It depends on what your goals are.

My experience with age based patrols is that the job of PL is much much harder. New scouts look up to and and are willing to take direction from an older patrol leader. His couple of years more experience than them makes him an expert in their eyes. They learn from the older scouts in their patrol, and then are ready to lead other new scouts as they come into the patrol. Younger scouts are less likely to take direction from their immediate peer - who doesn't know any more than the rest of the patrol and is not respected to the same degree as an older scout would be, so they aren't as likely to take direction from a PL their own age. In an age based patrol, the PL is less likely to really "lead", because 1) it is difficult to lead others when you don't know enough to give them guidance and direction, and b) the scout has not had the opportunity to be led by a PL that has had opportunity to learn leadership skills through practice, and therefore has no one to emulate.

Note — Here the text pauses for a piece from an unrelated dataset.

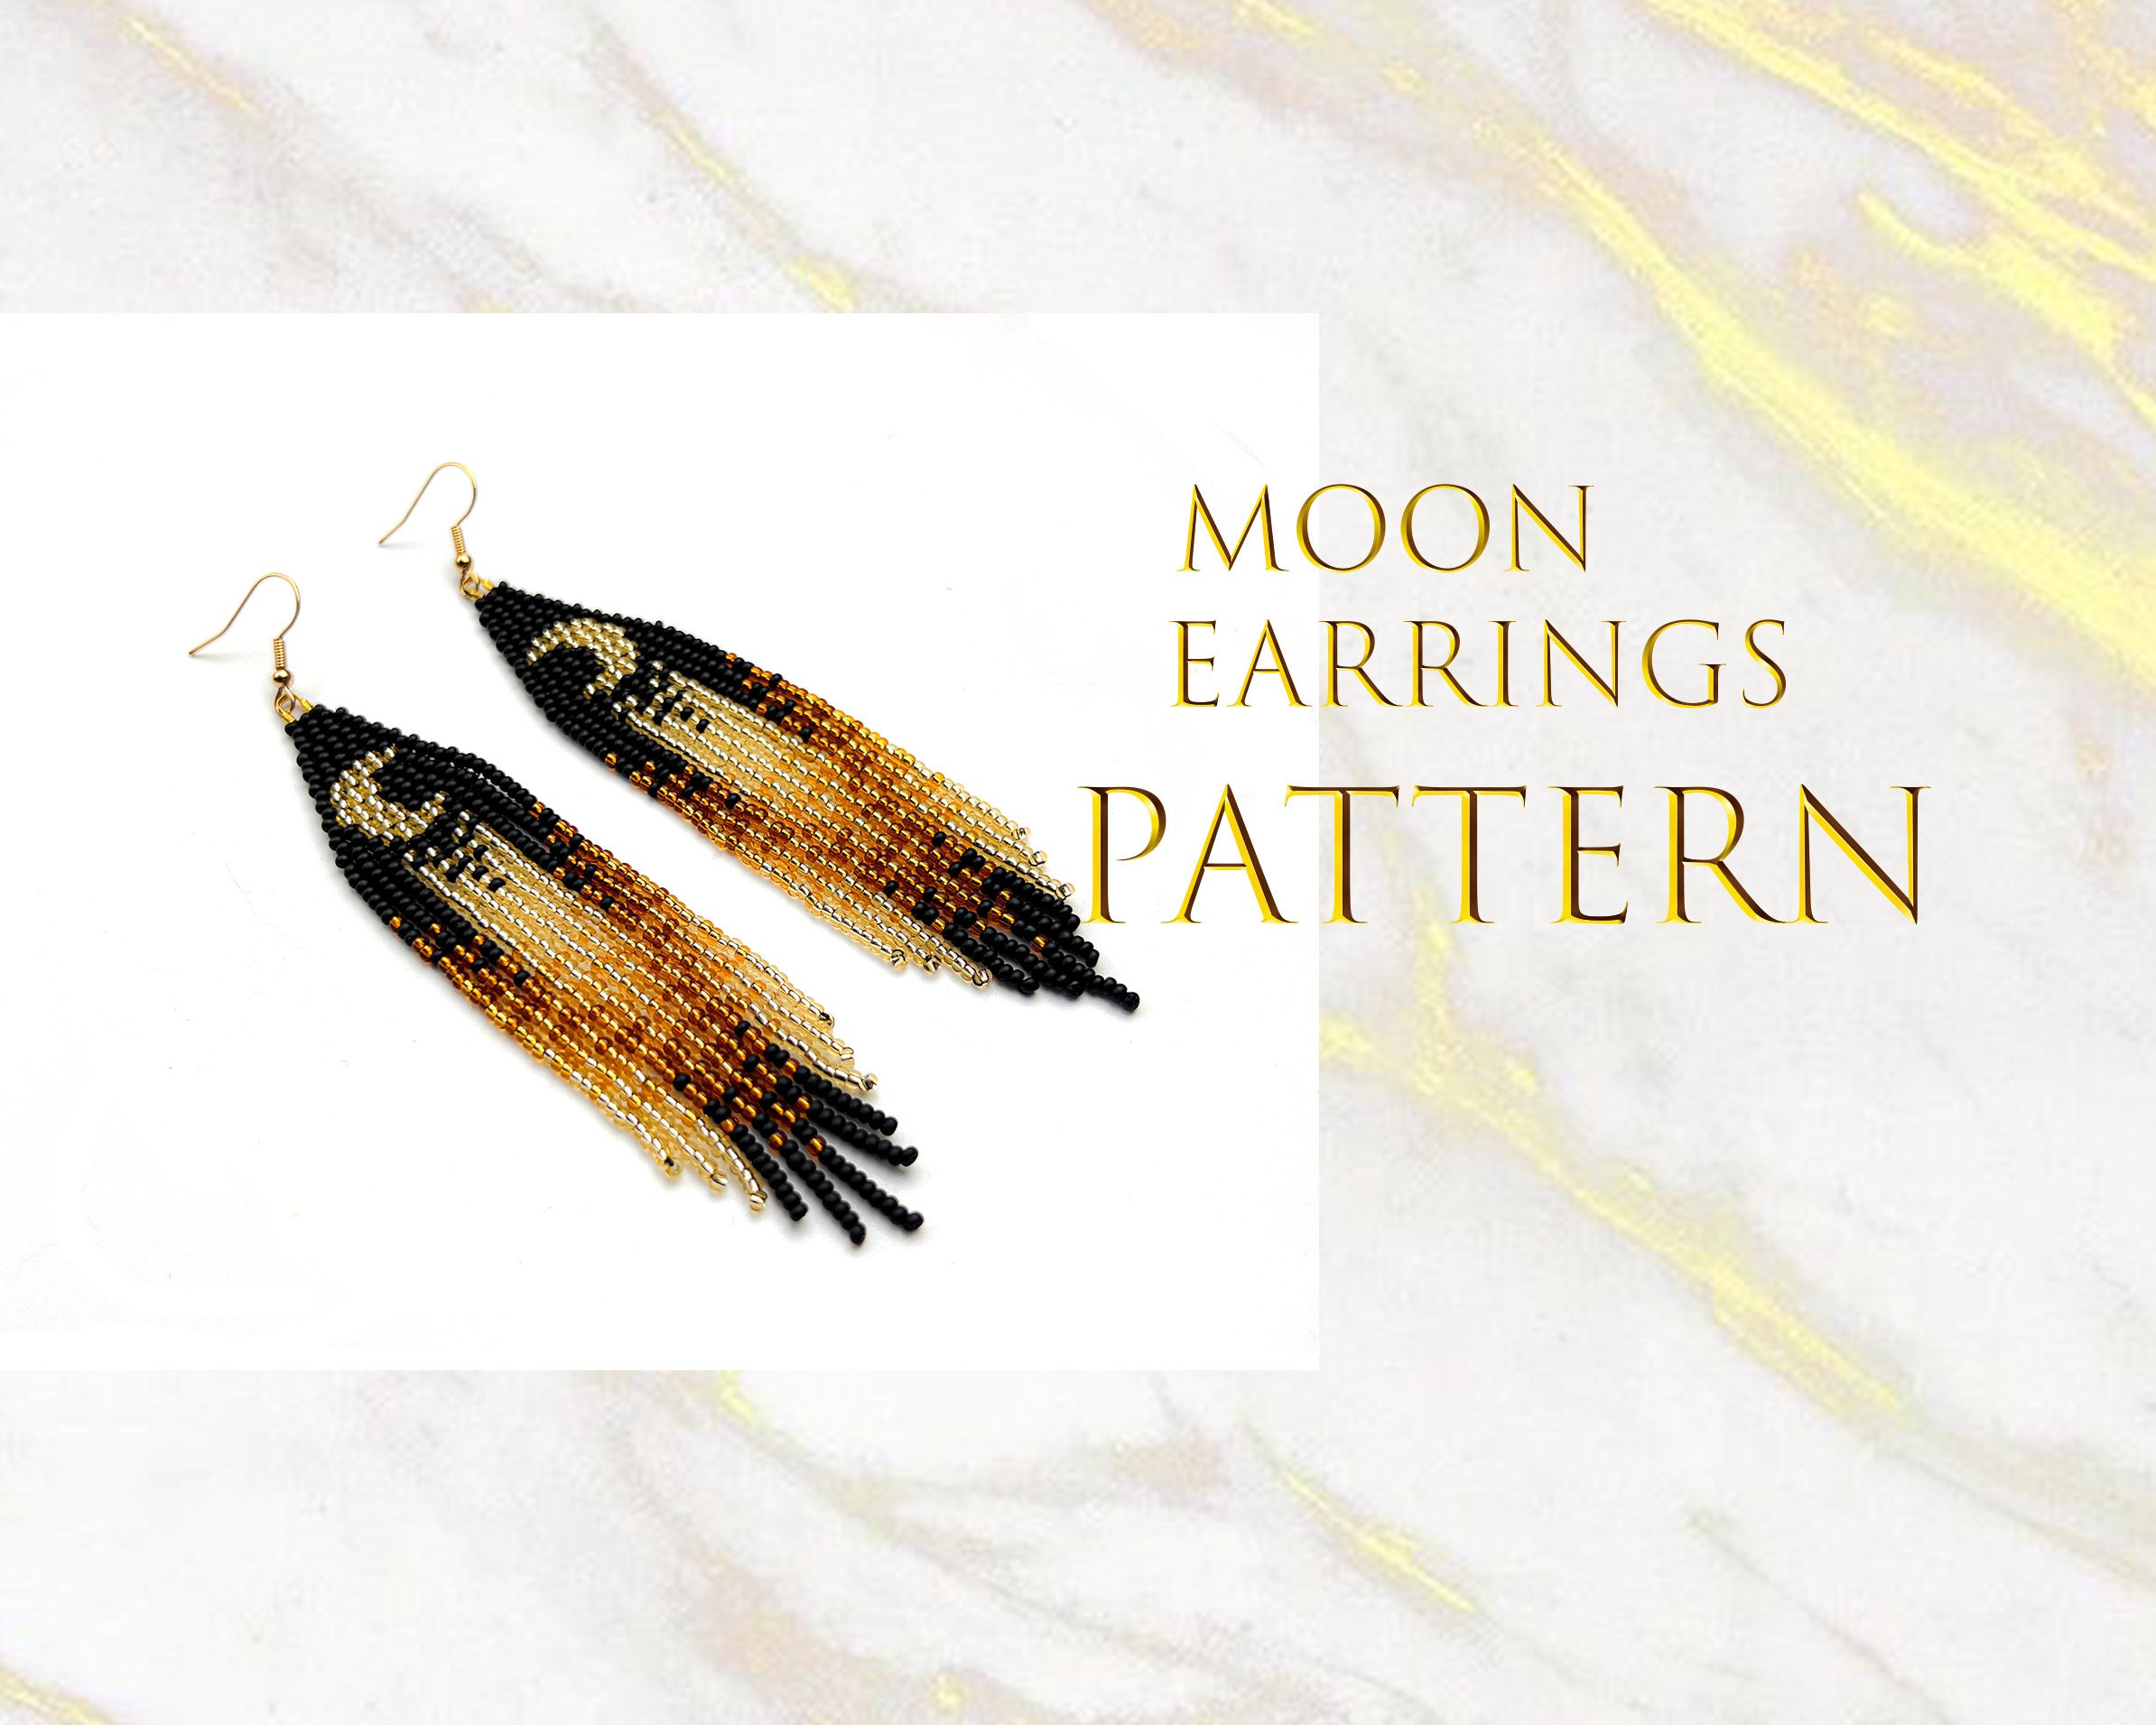 Seed Beads Celestial Moon Fringe Earrings - Full Moon
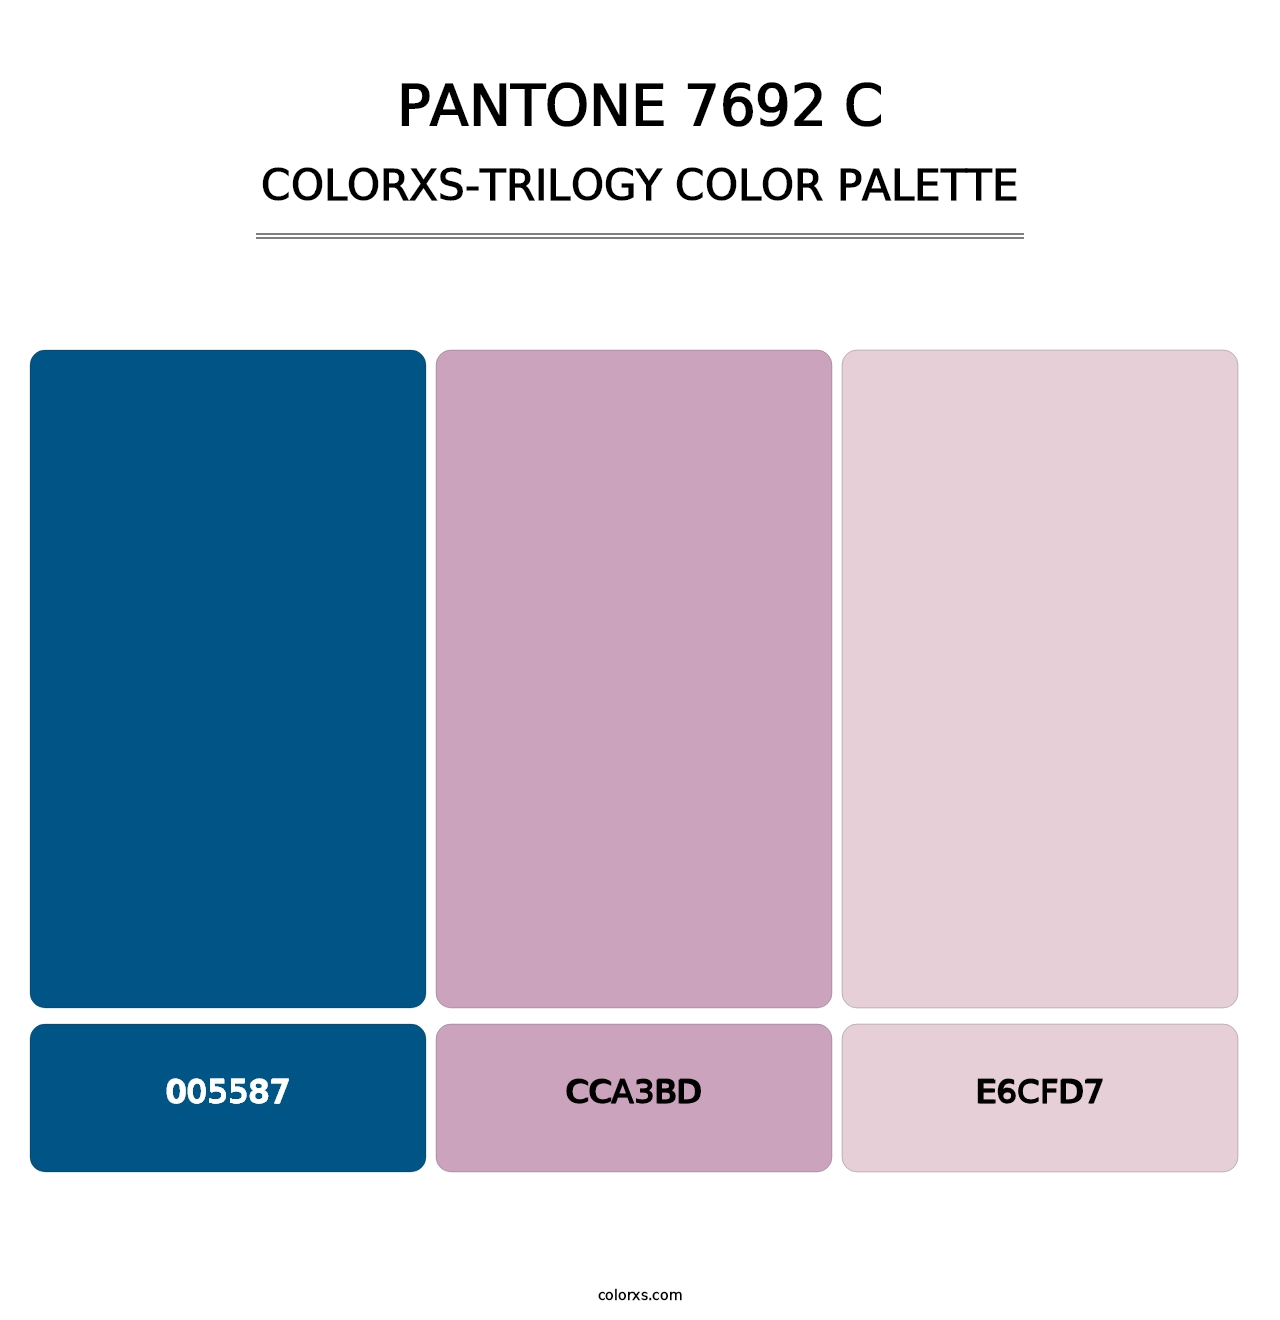 PANTONE 7692 C - Colorxs Trilogy Palette

In a mixed age patrol, with proper guidance, older members of the patrol grow to feel responsibility for the new members of the patrol.

 

If on the other hand, your goal is to have a place where boys have fun hanging out, then age based patrols fill the bill. As the boys age, and some drop out, patrols start to merge. They don't feel the same level of responsibility for the younger scouts and new scouts, because they aren't in their patrol. Older age based patrols that I have observed tend to hang out without doing much unless pushed to do so by adults, and they then grow to feel that they are being made to be baby sitters.

 

Something to consider is letting boys make decisions with appropriate guidance from the SM. Depending what the adult leaders vision for the boys, you will help them learn. Scouts need guidance, because there are a whole lot of things that they dont consider, because they dont have the perspective based on multiple experiences.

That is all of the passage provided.